Traitors to our country should never have been honored in the first place

Stonewall Jackson, Virginia Military Institute

     Say I take up a hobby: drowning puppies in a bucket, then using a tennis racquet to serve their limp, dripping carcasses at neighborhood children who flee, shrieking, while I laugh and laugh.
     You object to this practice, citing cruelty to animals, to children.
     I reply, "What? You don't realize what a huge problem over-population is among pets? You don't care about animals? And obesity is a major problem among the young.

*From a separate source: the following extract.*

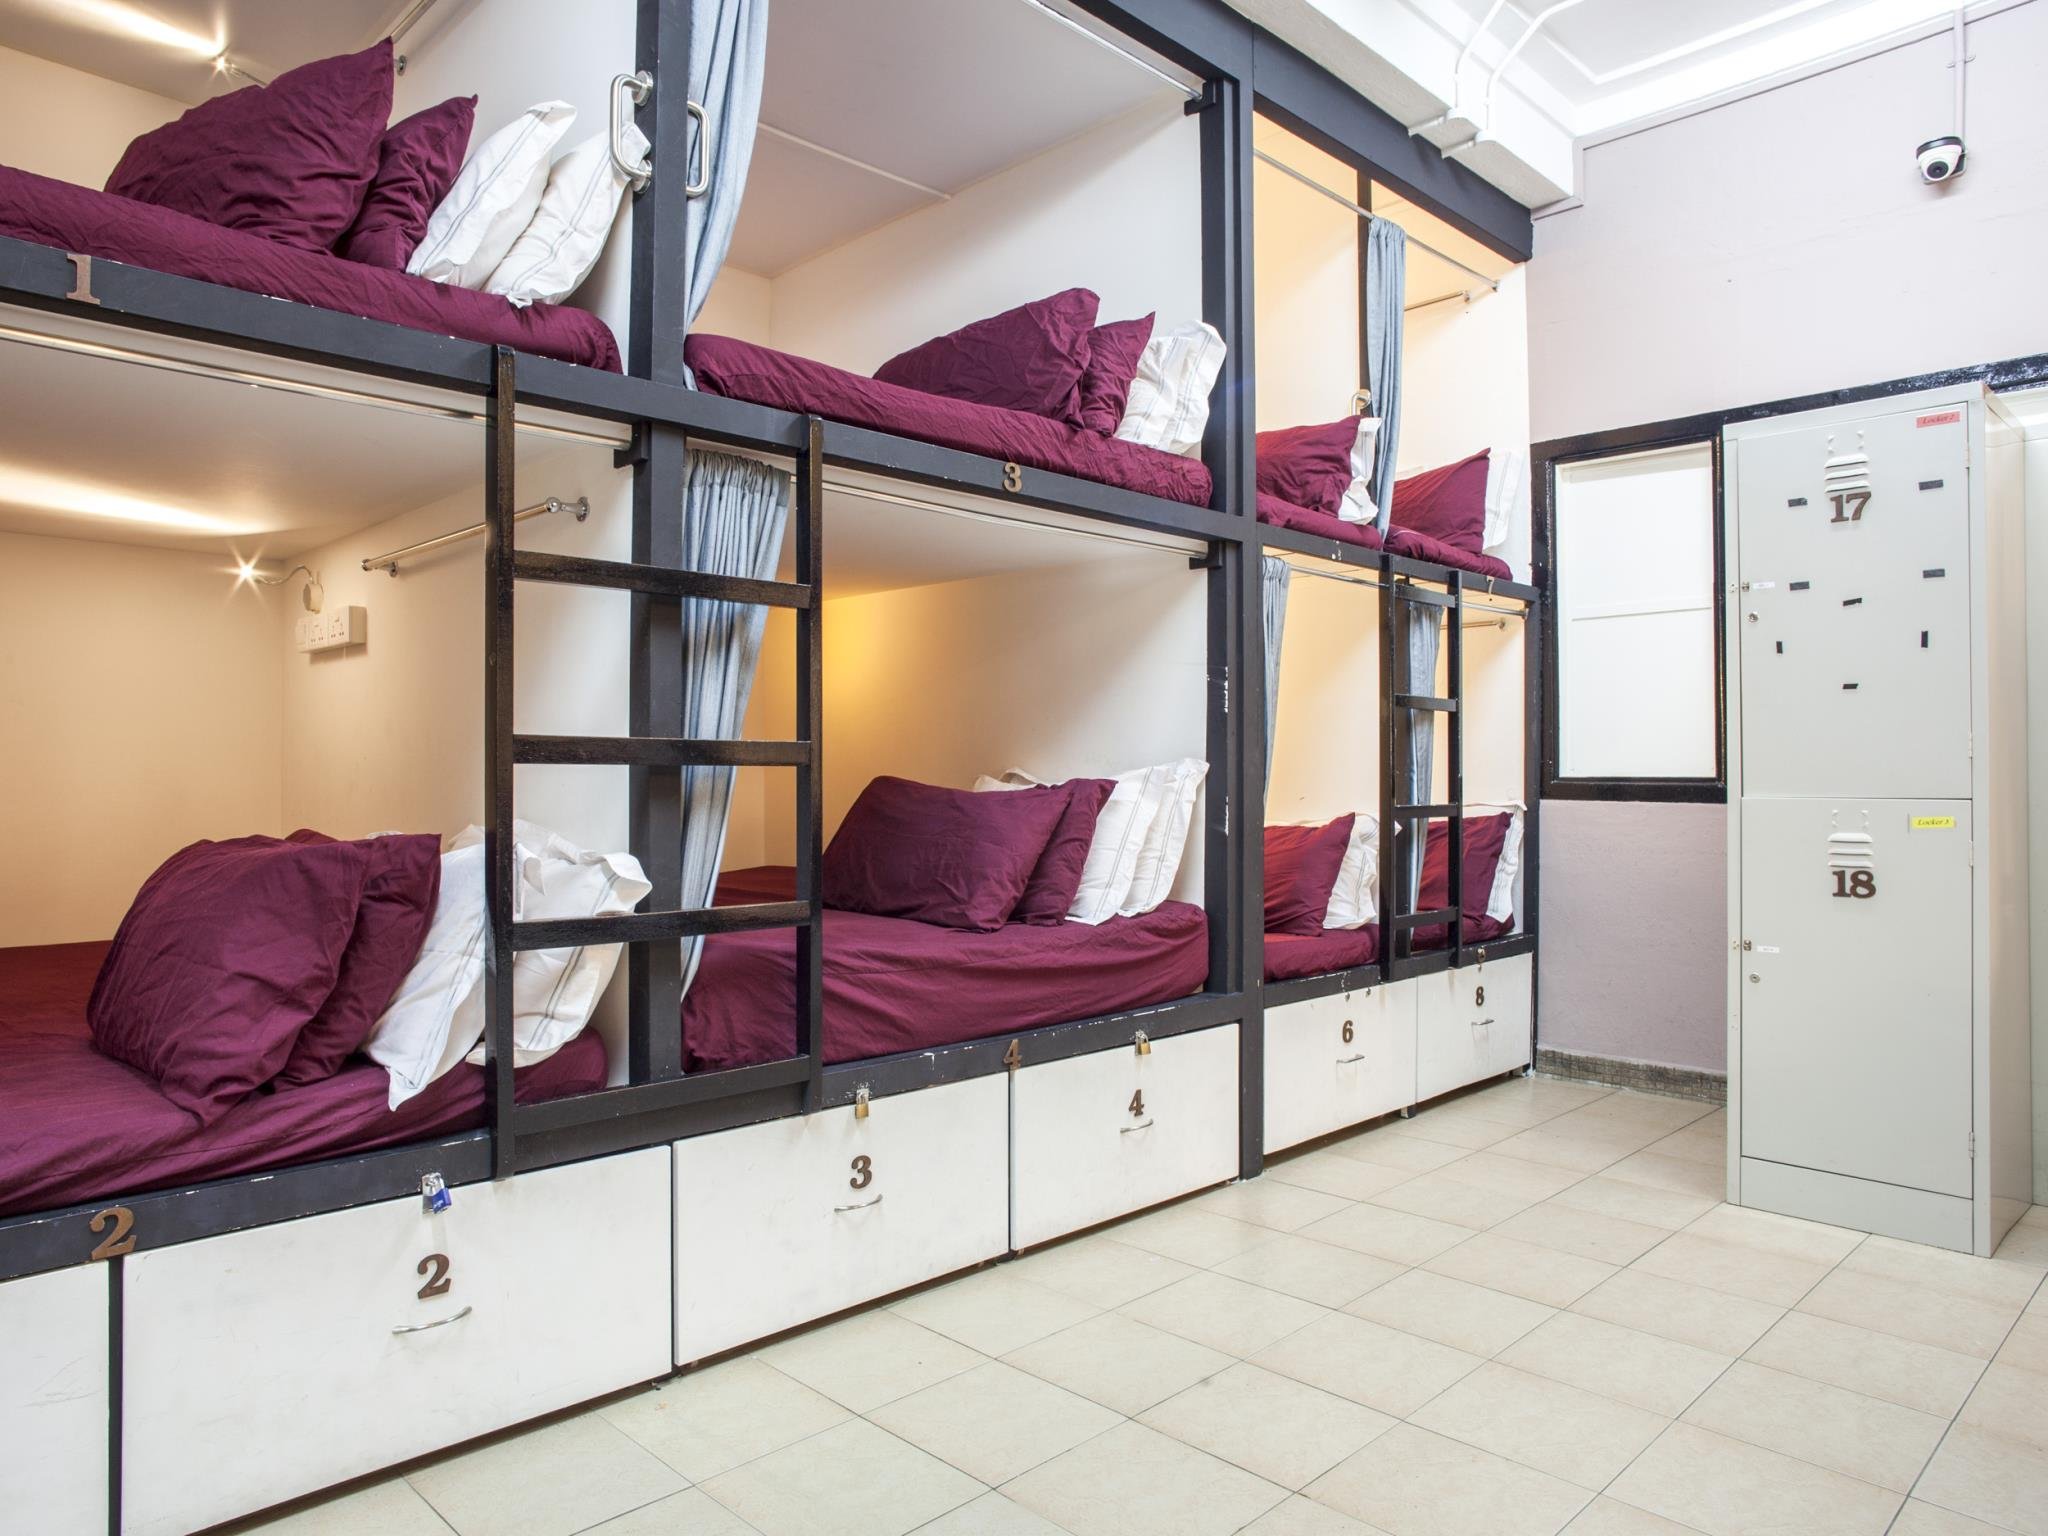 Общежития примеры. Кровати для хостела. Двухъярусные кровати для хостелов. Капсульные кровати для хостела. Кровати капсулы для хостела.

How can you oppose exercise?"
     Welcome to what passes for discourse in America, 2017, where no moral lapse is so extreme that it can't be reframed and explained away.
     A mob of Nazis march, on the pretext of defending Civil War monuments. The marchers clash with counter-protesters, then return to the holes they came from. Decent Americans exhibit their displeasure by pulling down the same monuments the Nazis used as pretext, those honoring traitorous Civil War leaders who took up arm against their own country — our country — in open rebellion trying to preserve the grotesque institution of slavery, monuments often set up in the 20th century as a middle finger to Civil Rights protests.
     Our current leader, Donald Trump, can't bring himself to sincerely denounce racism, so instead expounds on the Nazis' excellence, so much that corporate CEOs, not a group famous for morality, draw away in visceral horror.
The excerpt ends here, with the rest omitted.